Take
a cup of hot soup stock and add a teaspoon of flour to make a paste, blending
well until the flour is absorbed. Add
the paste back into the boiling soup while stirring constantly. Simmer for a while before adding other ingredients.
Joy
of Cooking
(1975, 168)
There is
a point in the design process when it is time to thicken it. Continuing the
cooking metaphor, if the stock represents the raw ideas of a schematic design from
which you want to extract and trap every vestige of flavor, than the thickening
agent can be thought of as whatever the productive imagination uses to advance and
develop the design. Schematic explorations need to be distilled, and doing so concentrates
and reinforces whatever is good and gets rid of what doesn’t work well.
There are
ways to do this. The strategic selection of building materials for a consistent
design vocabulary will unify the various elements. Selecting allows the
implications and scales of specific materials to inform design elements.
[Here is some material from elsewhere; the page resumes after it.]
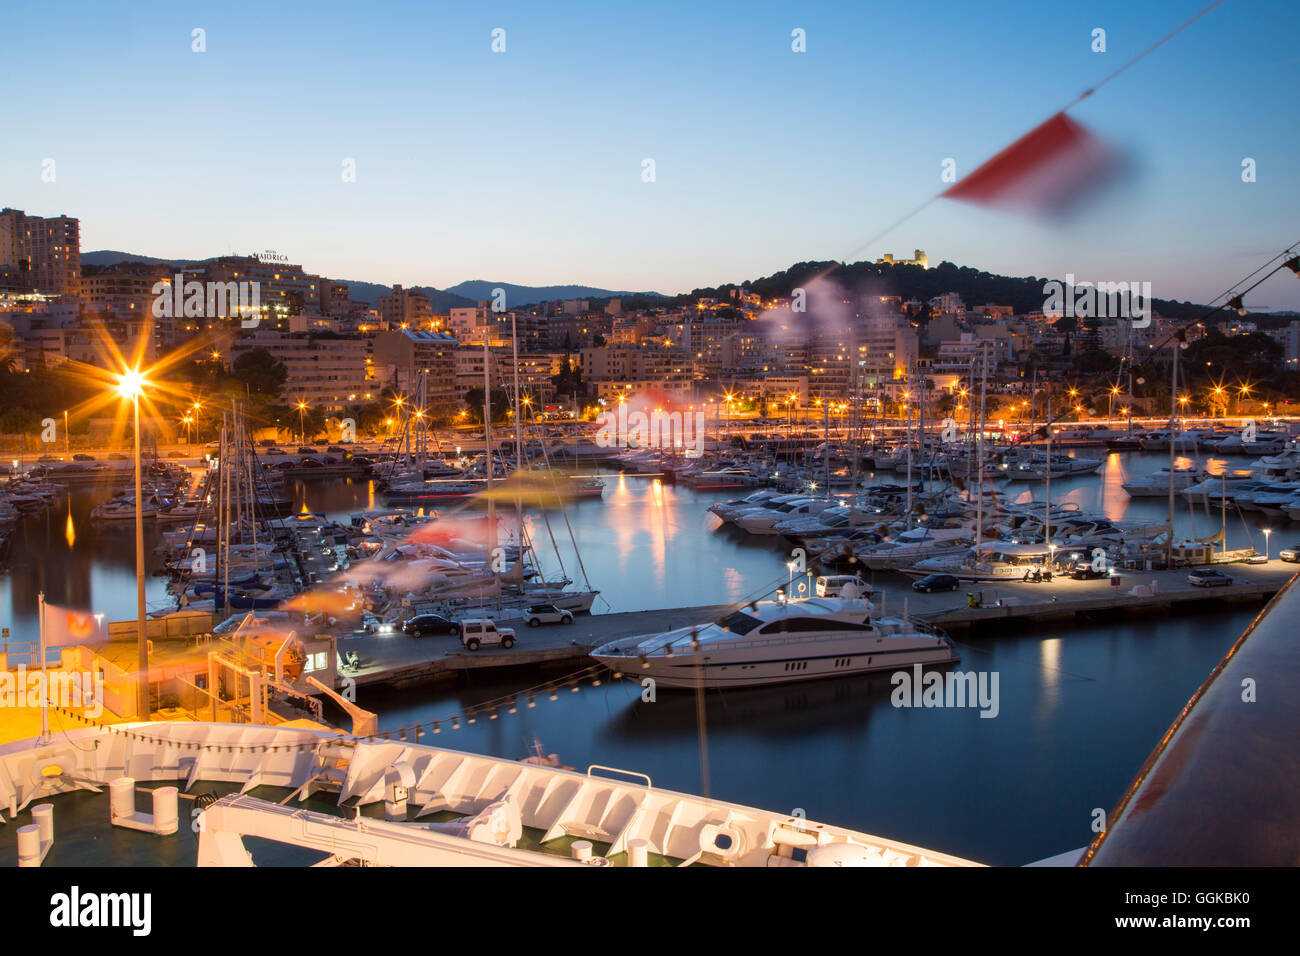 Bow of cruise ship MS Deutschland (Reederei Peter Deilmann) and sailing boats in the marina at dusk, Palma, Mallorca, - Stock Image
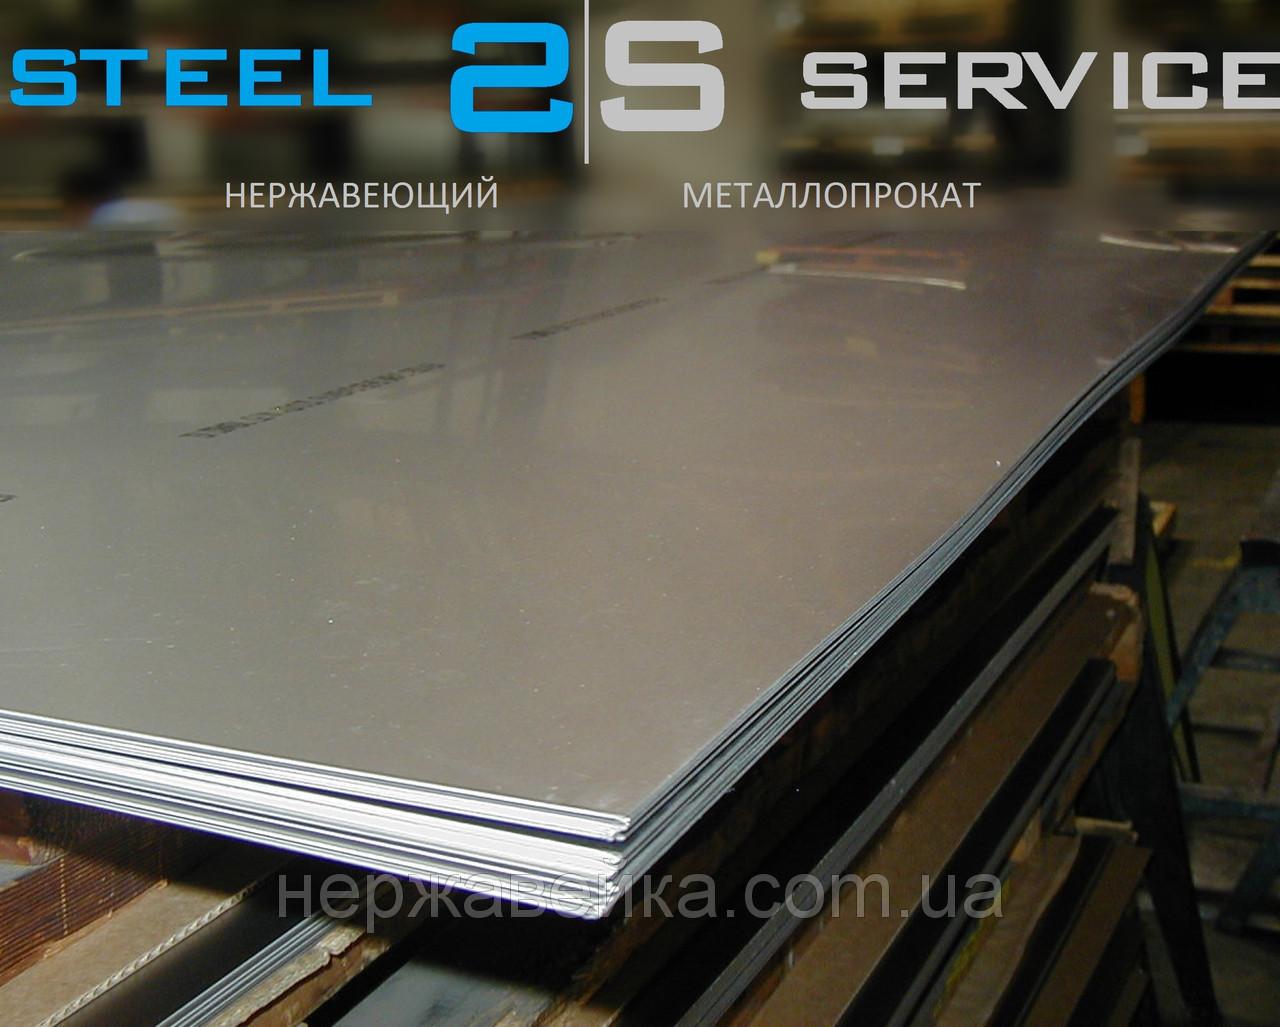 Нержавейка лист 30х1000х2000мм  AISI 316L(03Х17Н14М3) F1 - горячекатанный,  кислотостойкий

Further, allowing
a sense of measure that all materials have means that vague suggestions of forms become precise
declarations where materials with exact characteristics fit together. It is time
to drop the guiding lines that establish programmatic alignments,
orientations and spatial relationships. While these lines show the “why” of
design decisions, they are distracting from final drawings meant for building
permit review, bidding and construction, in other words, design execution.
For
example, thinking through a material such as brick means that the hand-scaled
nature of that material implies ways to build with it. All designed objects
have planes, edges, corners and openings. Thinking through a particular material tells the designer in what way
those aspects of a design may be considered. Building materials have
such different characteristics that it is impossible to consider them
interchangeably. And their selection can contribute to the design intent
through association. Different impressions are perceived when seeing a brick house,
or one made of stone, wood or metal. Expressions of permanence or portability,
or of containment or release become clear more so than through decisions about size
or detailing although these, of course, eventually contribute.